Stoking worries over chip demand from automakers, the United Auto Workers' union launched simultaneous strikes at factories of General Motors, Ford and Chrysler parent Stellantis.

According to preliminary data, the S&P 500 lost 54.82 points, or 1.22%, to end at 4,450.28 points, while the Nasdaq Composite lost 217.33 points, or 1.56%, to 13,708.72. The Dow Jones Industrial Average fell 289.99 points, or 0.83%, to 34,617.12.

China's industrial output grew more than expected in August, data showed, suggesting that a recent flurry of support measures may be starting to slowly stabilize a stumbling economic recovery.

Data on Thursday showed U.S. retail sales rose more than expected in August, easing worries about a recession.

Treasury yields edged higher ahead of the Federal Reserve policy meeting next week, with the central bank facing a strong U.S. economy with inflation that remains above target.

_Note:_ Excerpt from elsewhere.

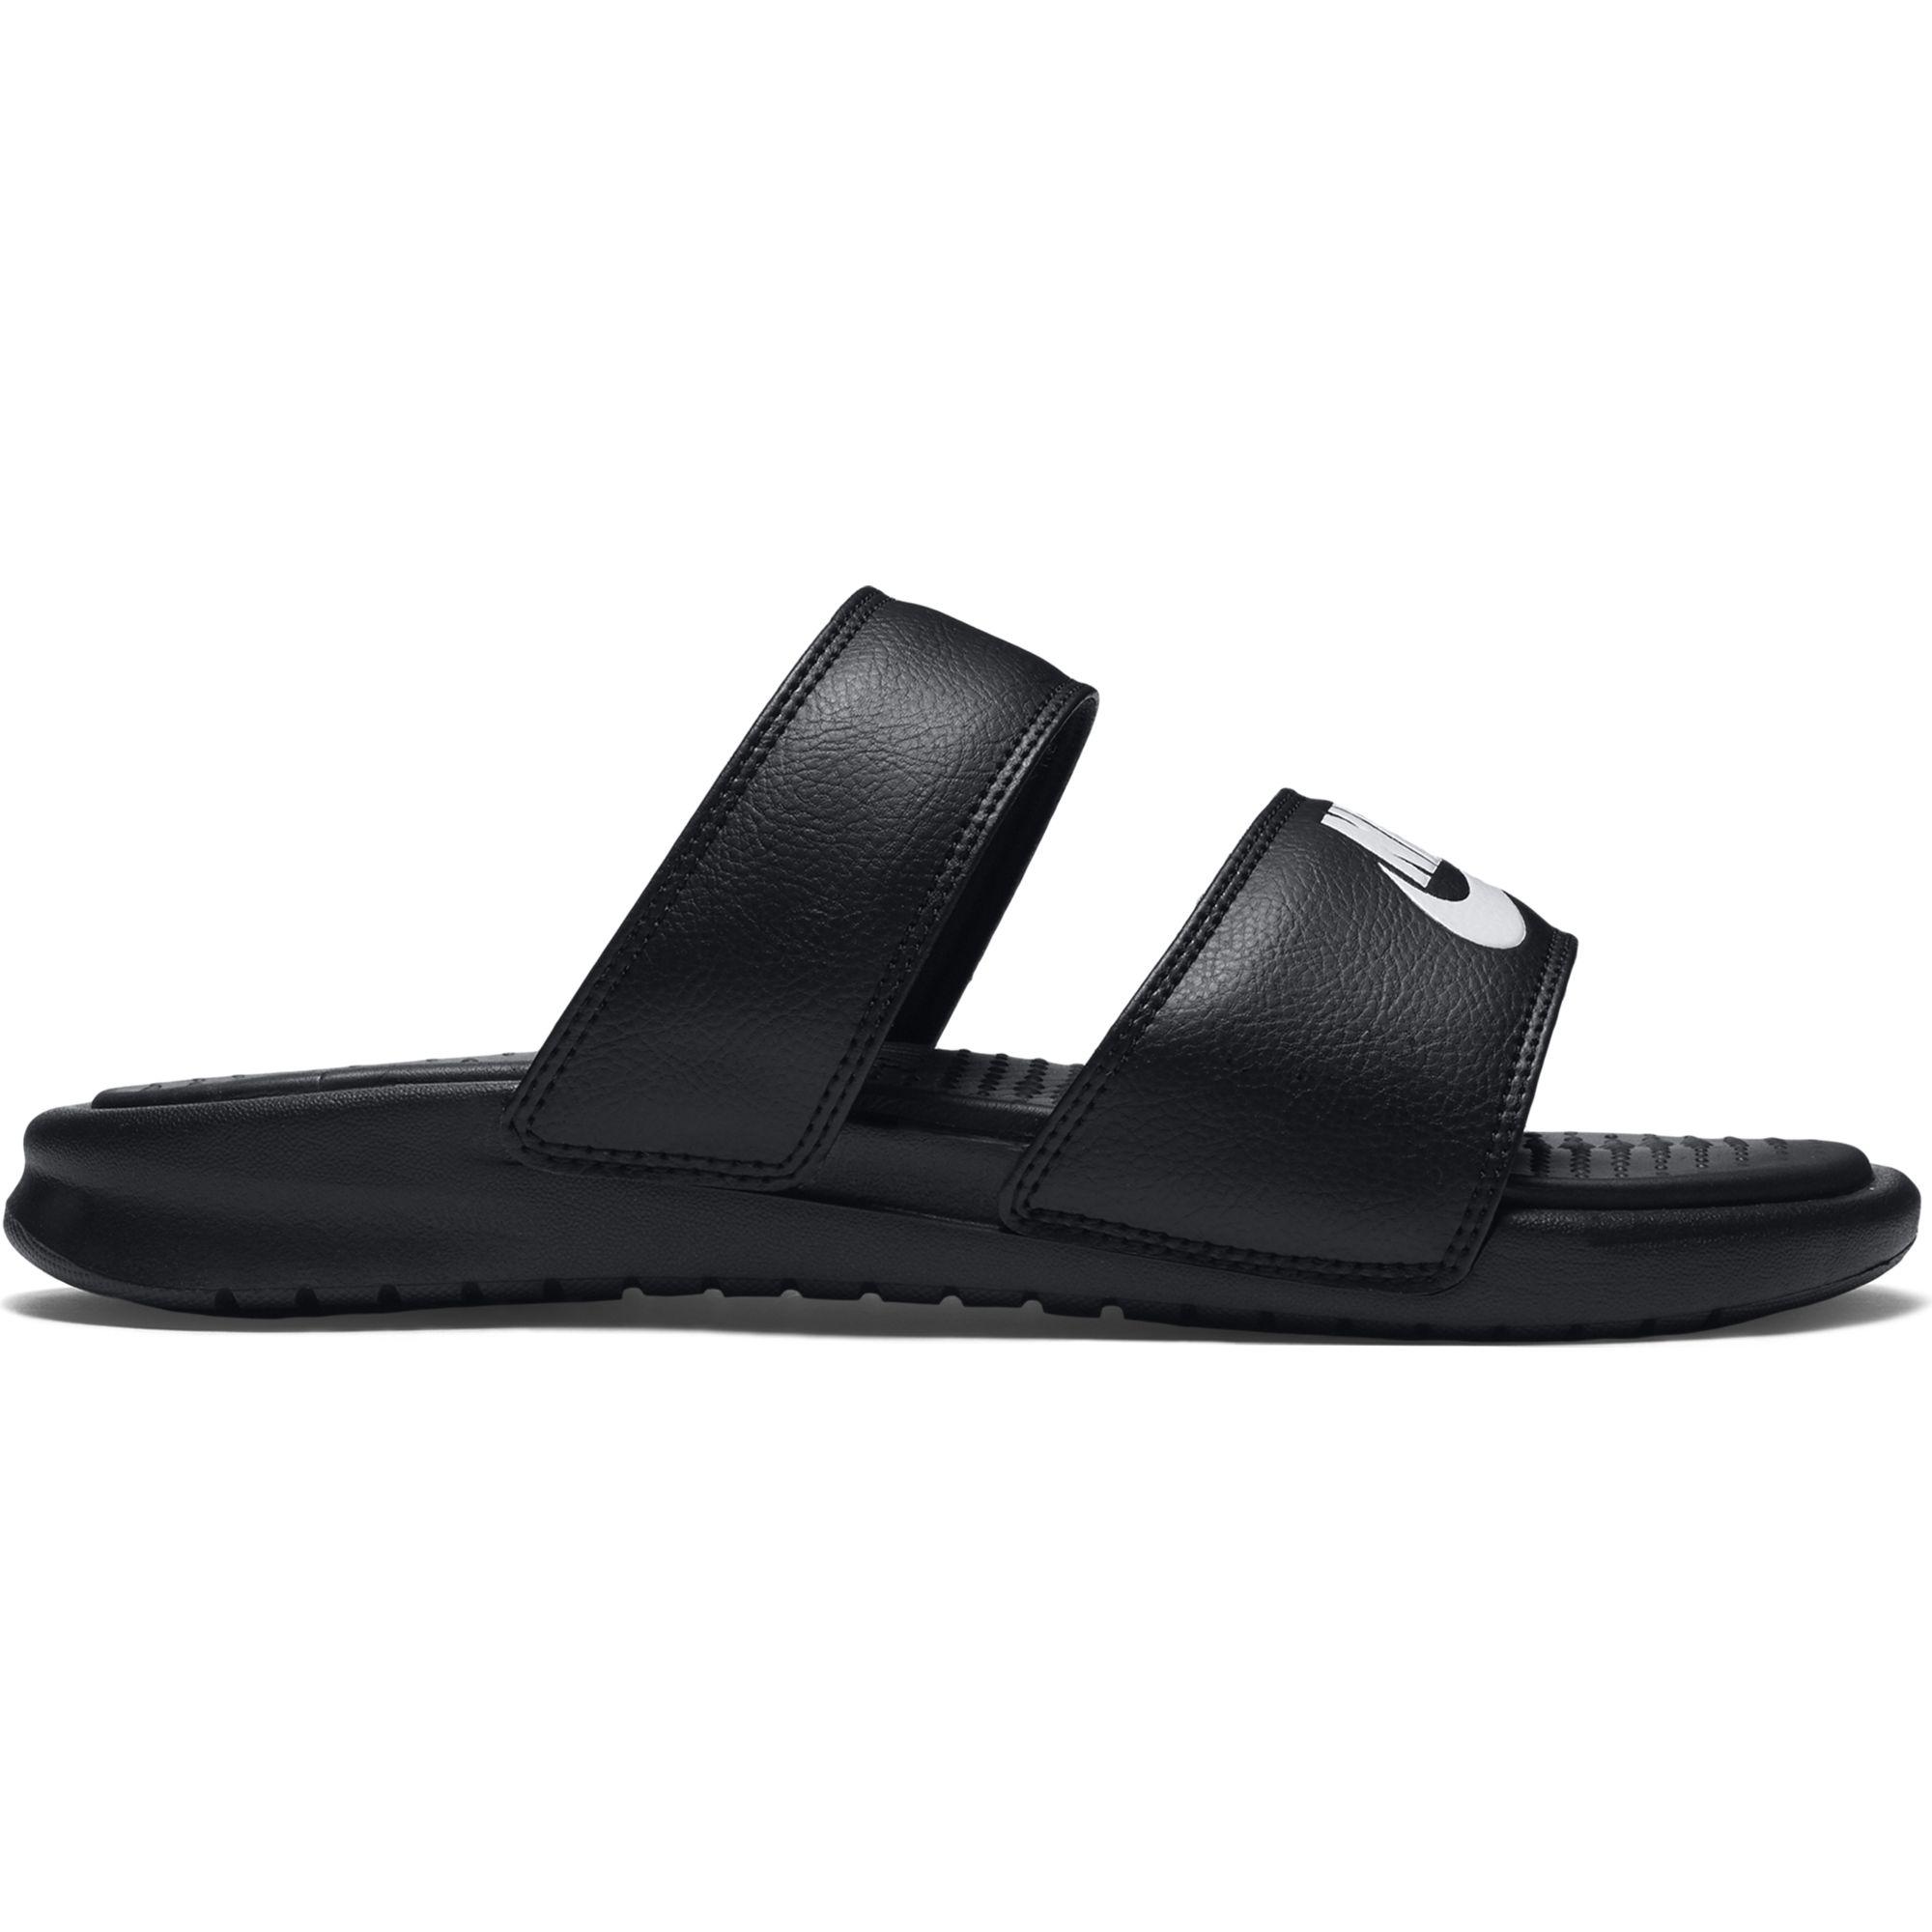  Nike  Benassi  Duo Ultra Slide  Sandal  Black White 
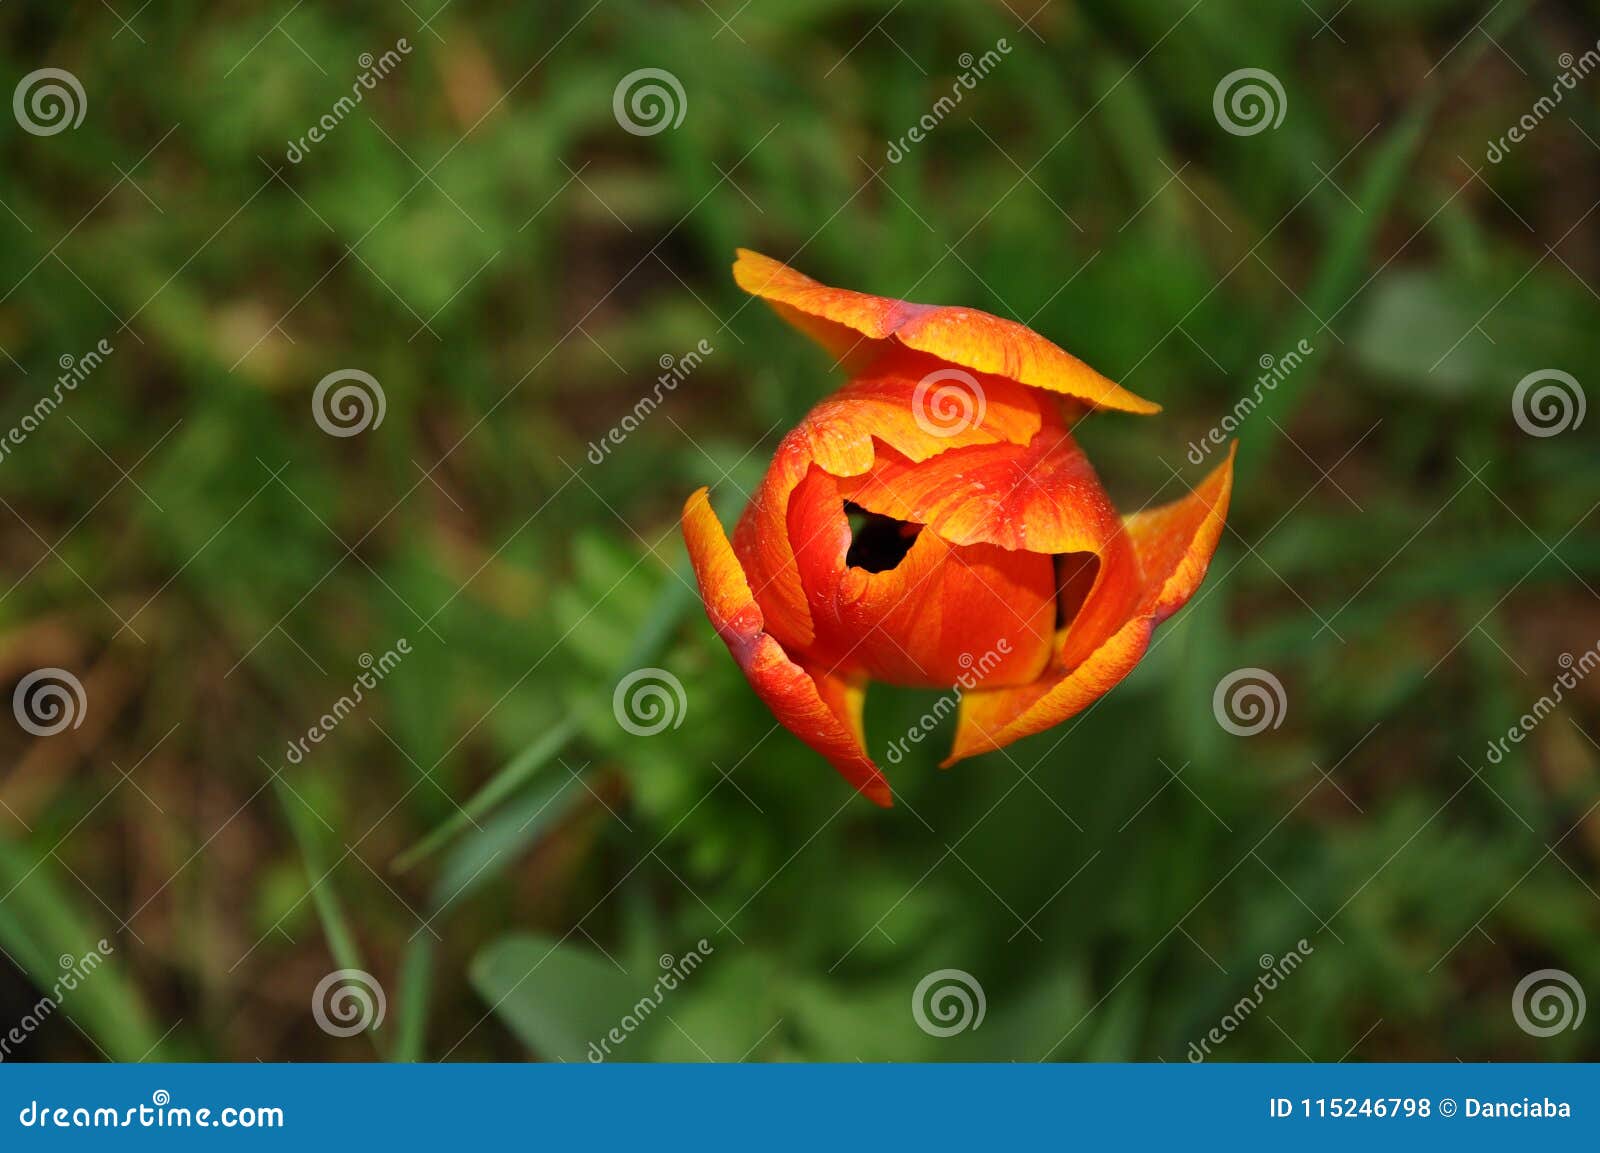 orange tulipan in a garden

"We really continue to see that growth resilience story, and I think that's difficult for the market simply because there's concern about what that could mean both for rates and inflation," said Lisa Erickson, head of public markets at U.S. Bank Wealth Management in Minneapolis.

Traders' bets on the Fed holding rates steady in its Sept. 20 policy meeting remained at 97%, while their odds for a pause in November stood at 67%, according to the CME FedWatch Tool.

Among growth stocks sensitive to higher interest rates, Amazon, Microsoft and Meta Platforms declined.

Adobe dropped to a more than two-week low after the Photoshop software maker disclosed a commercial paper program of up to $3 billion on Sept. 8 following its third-quarter results.

SoftBank's Arm Holdings was near unchanged for much of the session after a stellar Nasdaq debut on Thursday that rekindled expectations of a turnaround in the initial public offering (IPO) market.

Arm's strong debut prompted grocery delivery app Instacart to raise the proposed price range for its IPO to target a fully diluted valuation of up to $10 billion.

Neumora Therapeutics, backed by Amgen and Japan's SoftBank, made a tepid debut at $16.50 per share, below its IPO price of $17.